▸ DATA TO EXAMINE:
+++

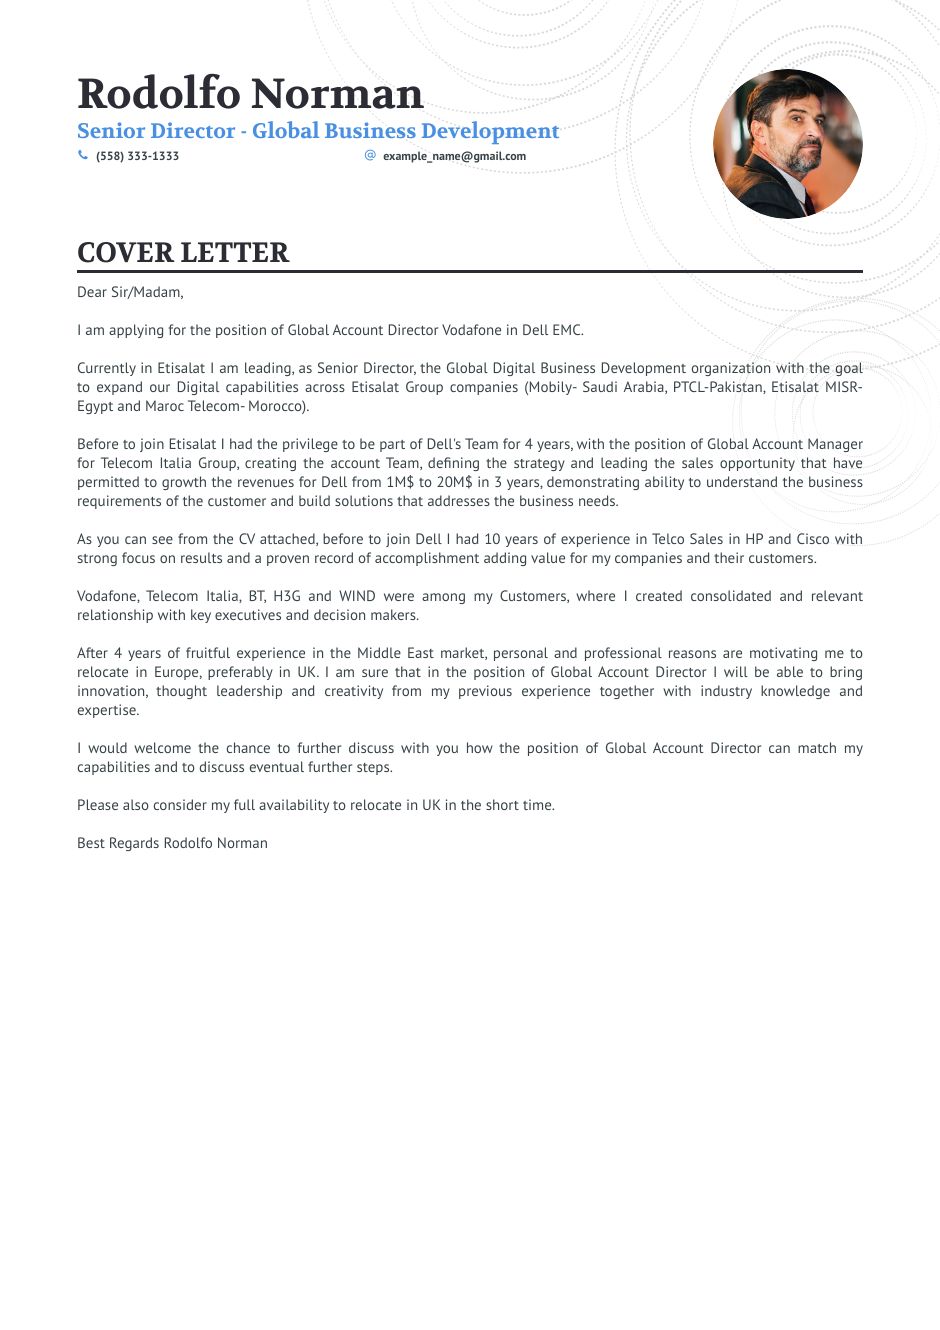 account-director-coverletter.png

+++

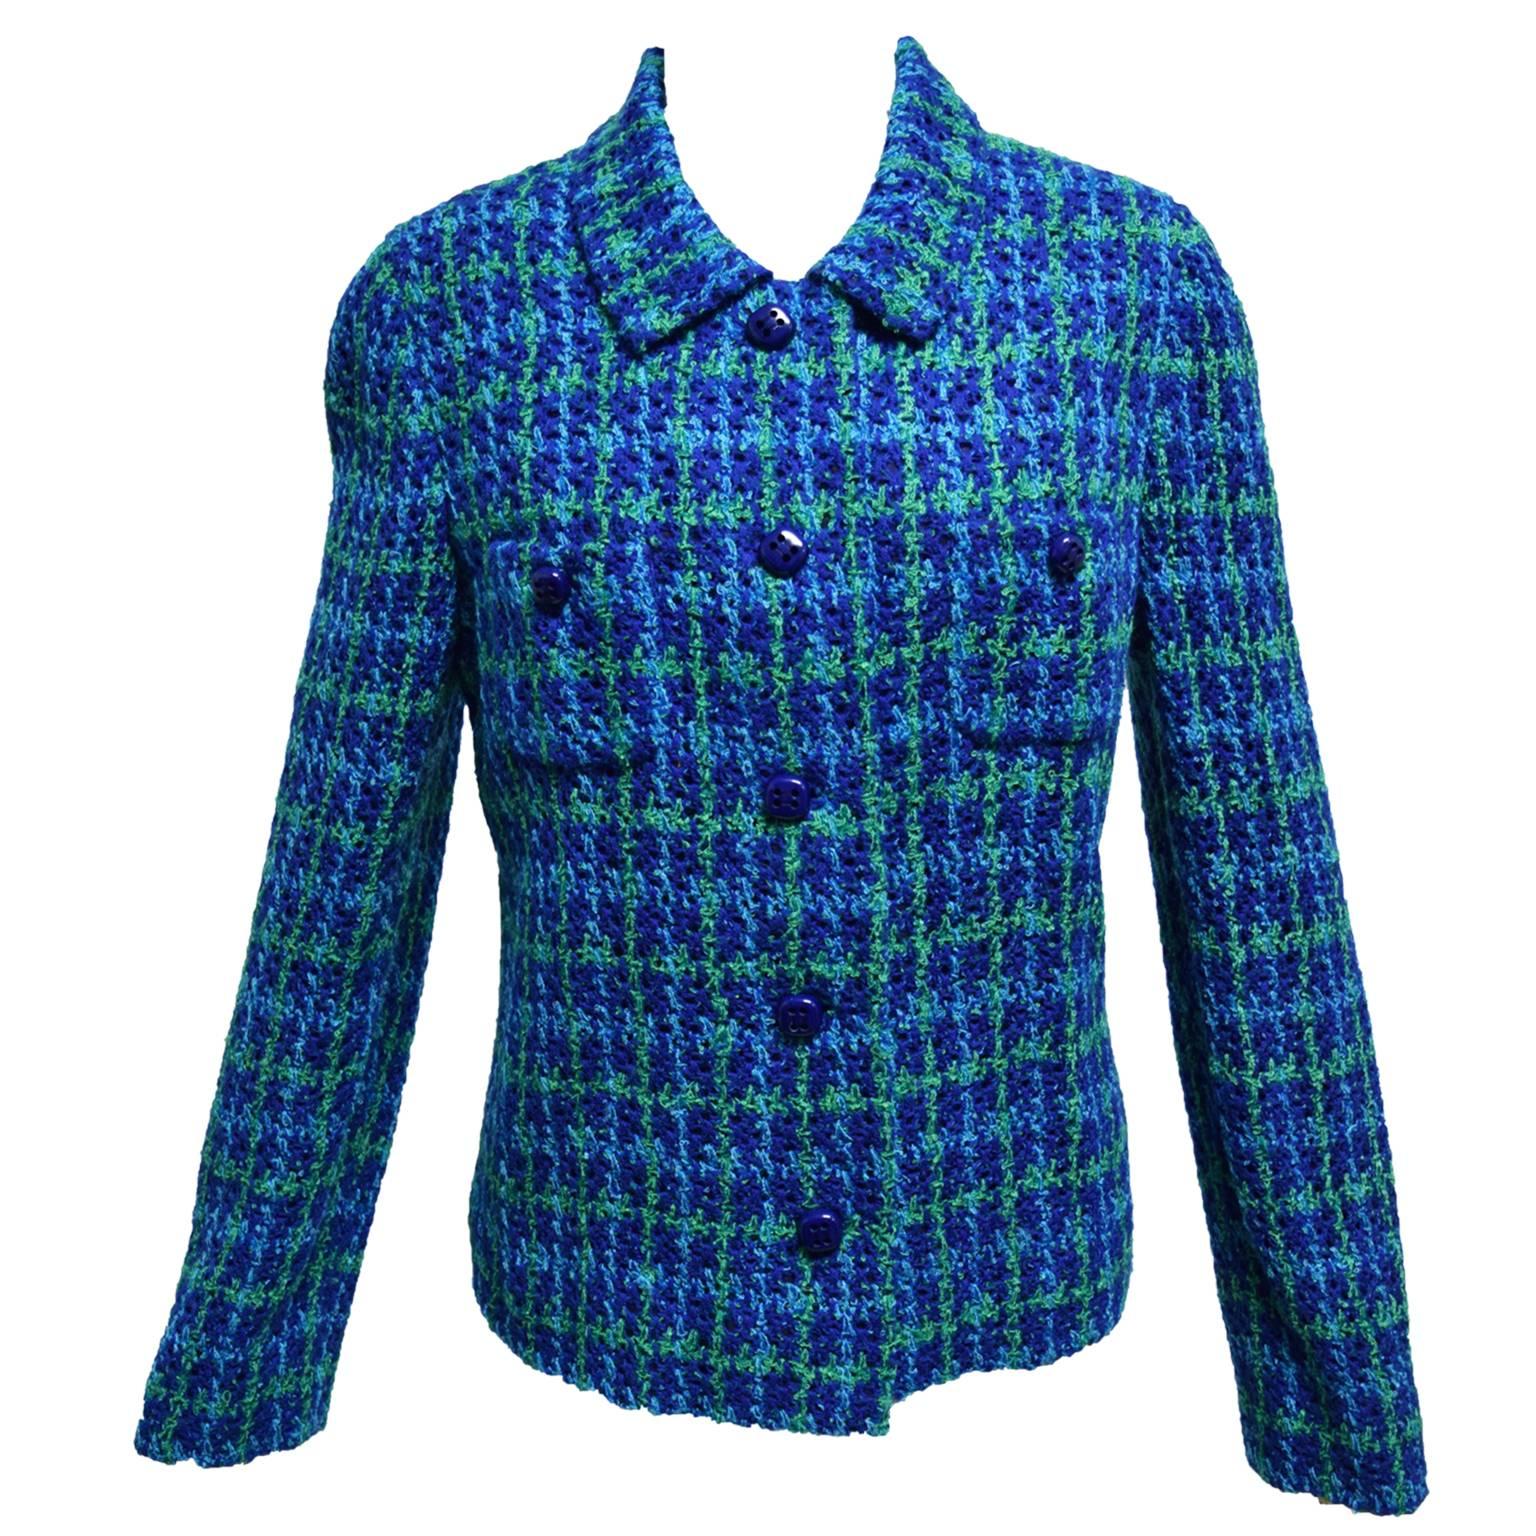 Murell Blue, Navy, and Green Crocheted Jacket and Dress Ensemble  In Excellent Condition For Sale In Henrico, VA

+++

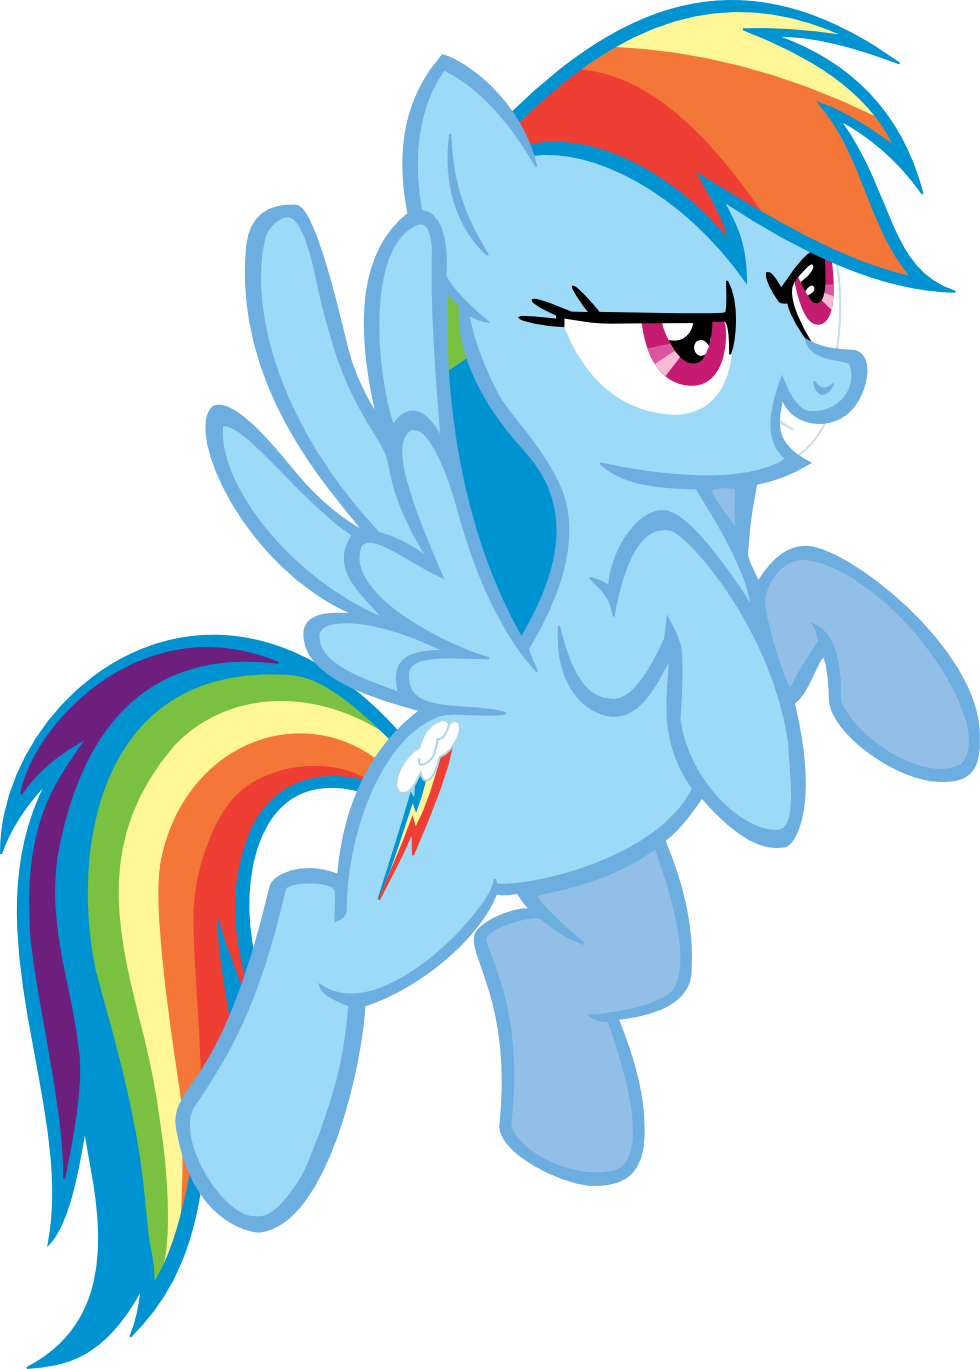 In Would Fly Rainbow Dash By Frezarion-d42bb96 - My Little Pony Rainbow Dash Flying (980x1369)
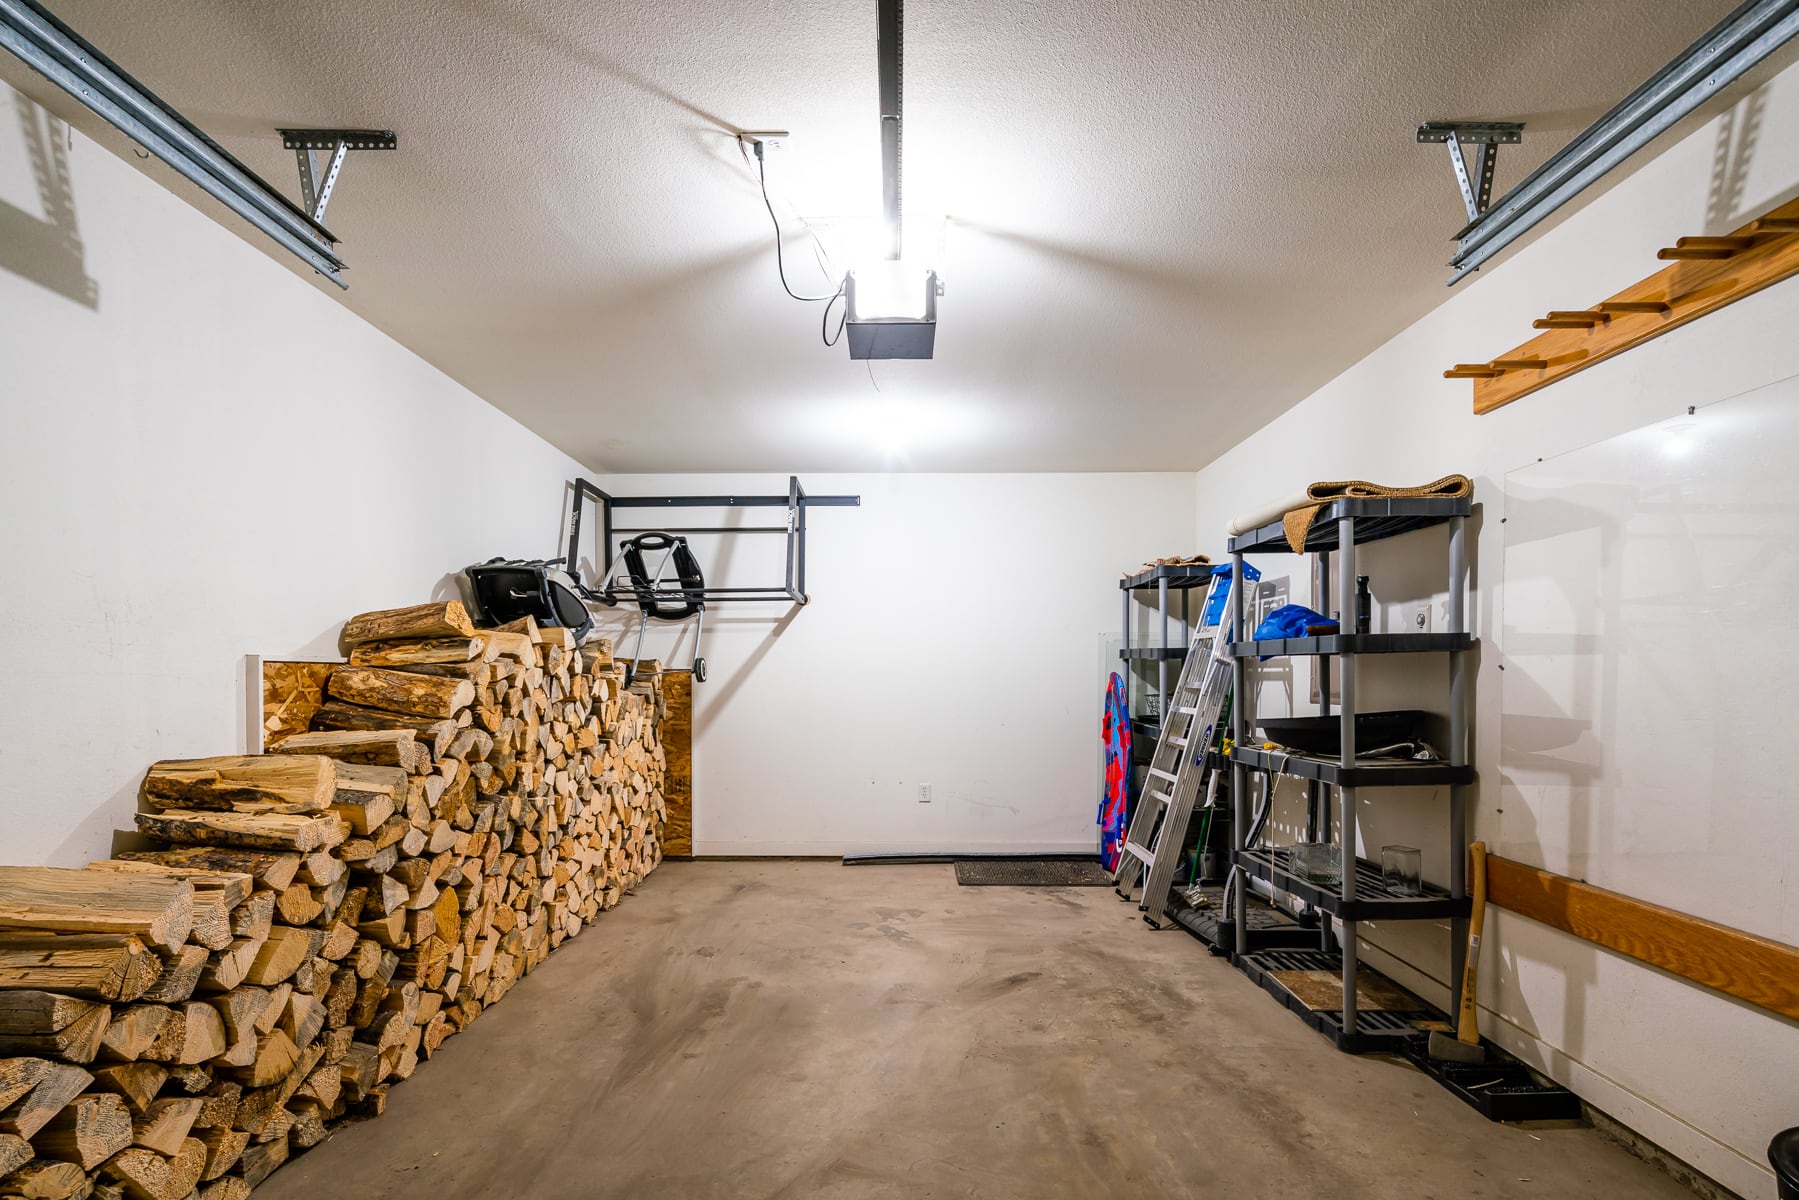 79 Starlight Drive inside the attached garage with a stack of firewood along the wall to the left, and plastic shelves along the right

+++

▸ THE TASK: What should come back is an exact copy of the lines above from the line with "In Would Fly" to the line with "79 Starlight Drive", both included, minus the pictures.

▸ ANSWER BOX:
 In Would Fly Rainbow Dash By Frezarion-d42bb96 - My Little Pony Rainbow Dash Flying (980x1369)
 79 Starlight Drive inside the attached garage with a stack of firewood along the wall to the left, and plastic shelves along the right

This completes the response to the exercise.